[Date Prev][Date Next][Thread Prev][Thread Next][Date Index][Thread Index][Subject Index][Author Index]

Re: [dinosaur] Massospondylus extreme growth plasticity (free pdf)



The paper now has a free pdf:

Kimberley E. J. Chapelle, Jennifer Botha and Jonah N. Choiniere (2021)
Extreme growth plasticity in the early branching sauropodomorph Massospondylus carinatus
Biology Letters 17(5): 20200843
doi: https://doi.org/10.1098/rsbl.2020.0843
https://royalsocietypublishing.org/doi/10.1098/rsbl.2020.0843

Free pdf:
https://royalsocietypublishing.org/doi/pdf/10.1098/rsbl.2020.0843

On Wed, May 12, 2021 at 7:57 AM Ben Creisler <bcreisler@gmail.com> wrote:

Ben Creisler
bcreisler@gmail.com

A new paper:

Kimberley E. J. Chapelle, Jennifer Botha and Jonah N. Choiniere (2021)
Extreme growth plasticity in the early branching sauropodomorph Massospondylus carinatus
Biology Letters 17(5): 20200843
doi: https://doi.org/10.1098/rsbl.2020.0843
https://royalsocietypublishing.org/doi/10.1098/rsbl.2020.0843

Footnotes
Electronic supplementary material is available online at https://doi.org/10.6084/m9.figshare.c.5416965.



There is growing evidence of developmental plasticity in early branching dinosaurs and their outgroups.
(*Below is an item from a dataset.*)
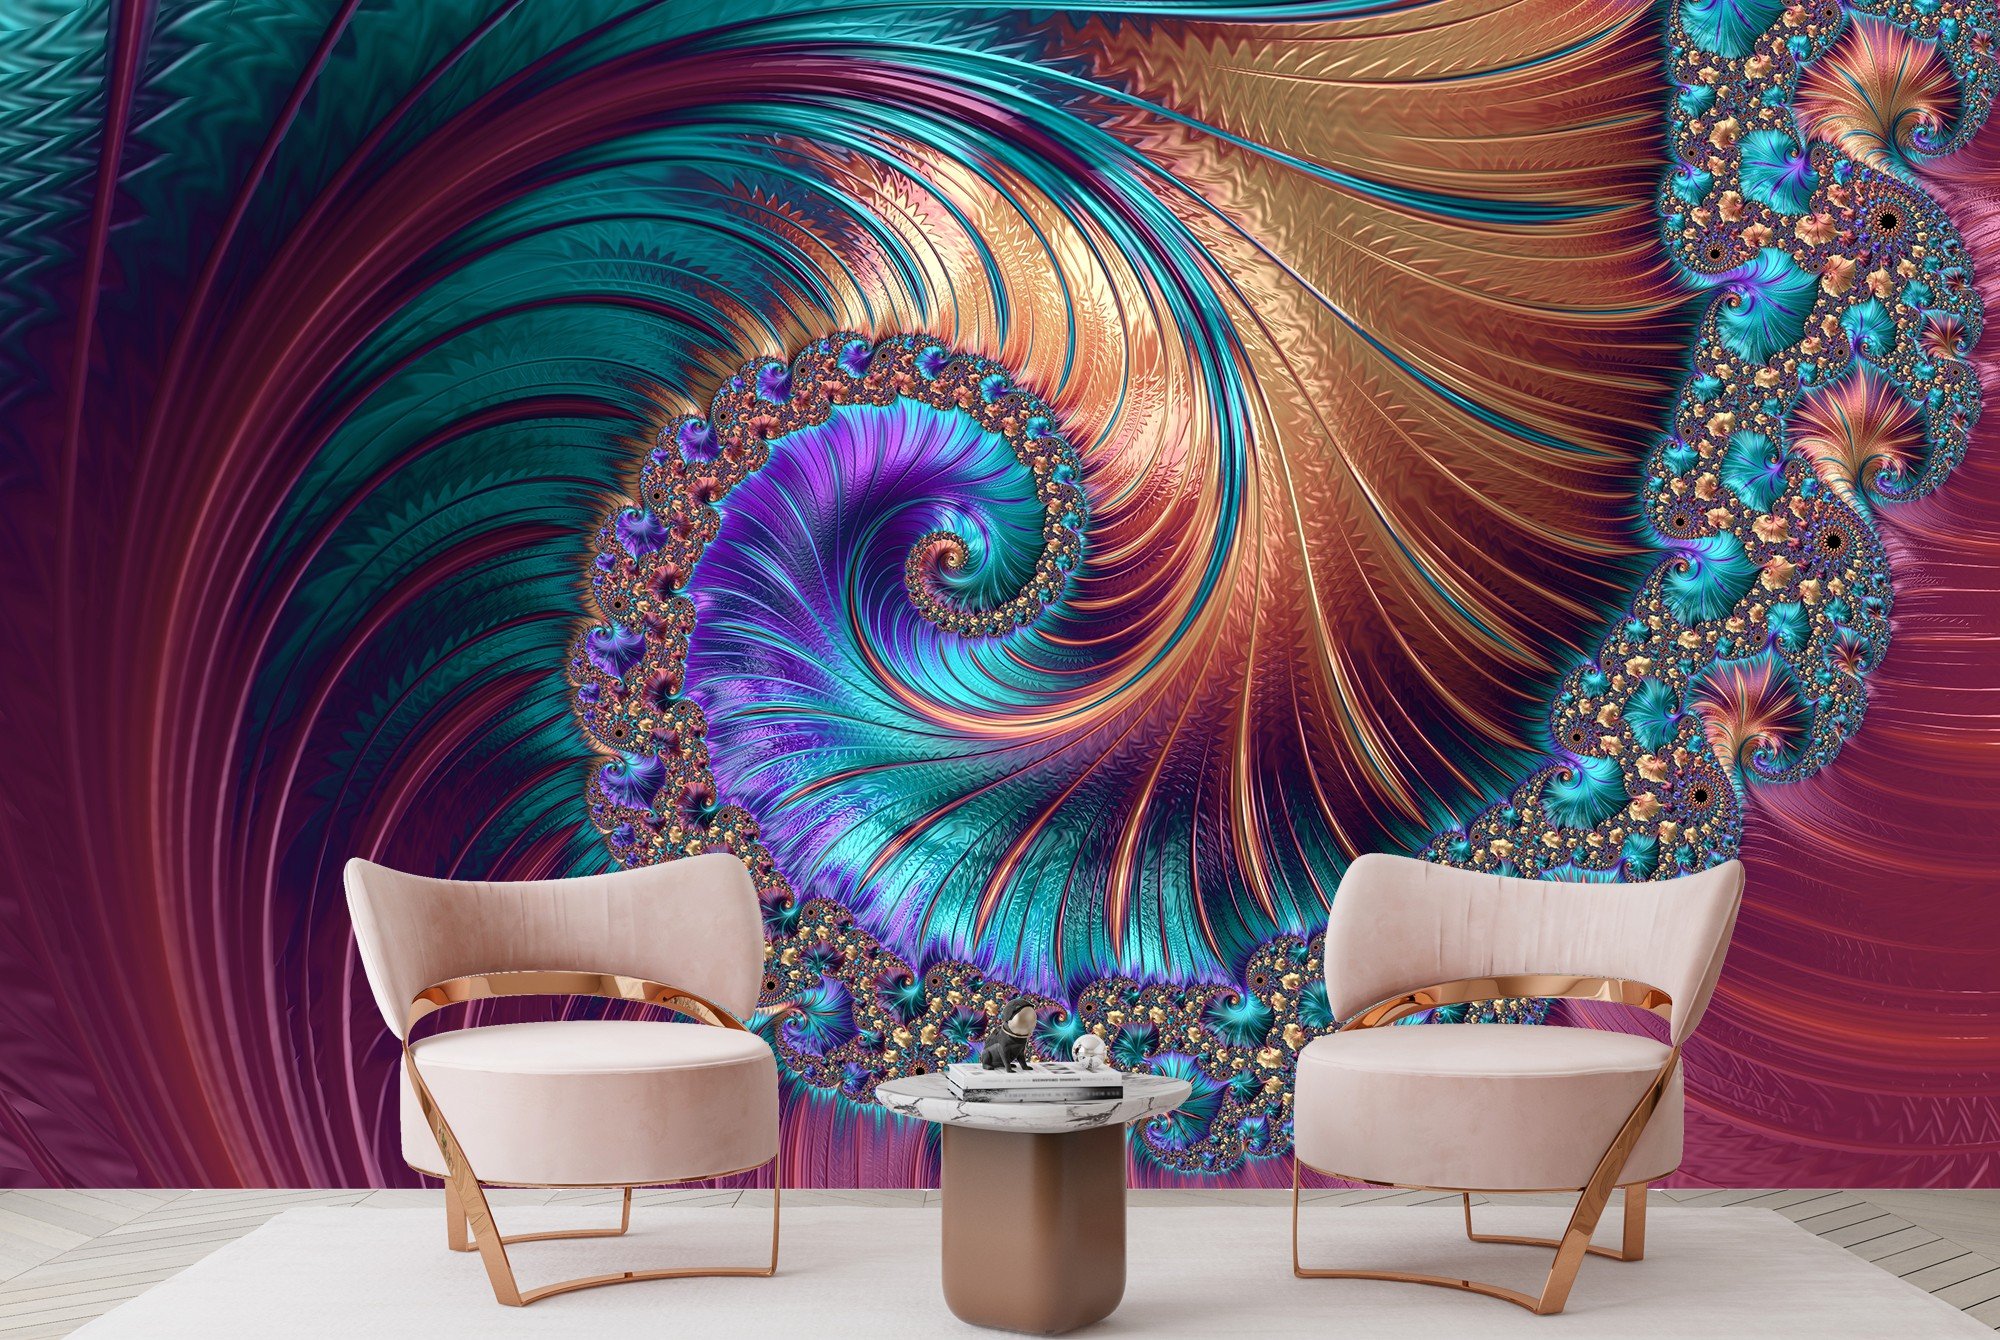 Pink Swirl Wall Mural Blue Spiral 3D Photo Wallpaper ...

This is reflected in disparate patterns of morphological and histological change during ontogeny. In fossils, only the osteohistological assessment of annual lines of arrested growth (LAGs) can reveal the pace of skeletal growth. Some later branching non-bird dinosaur species appear to have followed an asymptotic growth pattern, with declining growth rates at increasing ontogenetic ages. By contrast, the early branching sauropodomorph Plateosaurus trossingensis appears to have had plastic growth, suggesting that this was the plesiomorphic condition for dinosaurs. The South African sauropodomorph Massospondylus carinatus is an ideal taxon in which to test this because it is known from a comprehensive ontogenetic series, it has recently been stratigraphically and taxonomically revised, and it lived at a time of ecosystem upheaval following the end-Triassic extinction. Here, we report on the results of a femoral osteohistological study of M. carinatus comprising 20 individuals ranging from embryo to skeletally mature. We find major variability in the spacing of the LAGs and infer disparate body masses for M. carinatus individuals at given ontogenetic ages, contradicting previous studies. These findings are consistent with a high degree of growth plasticity in M. carinatus.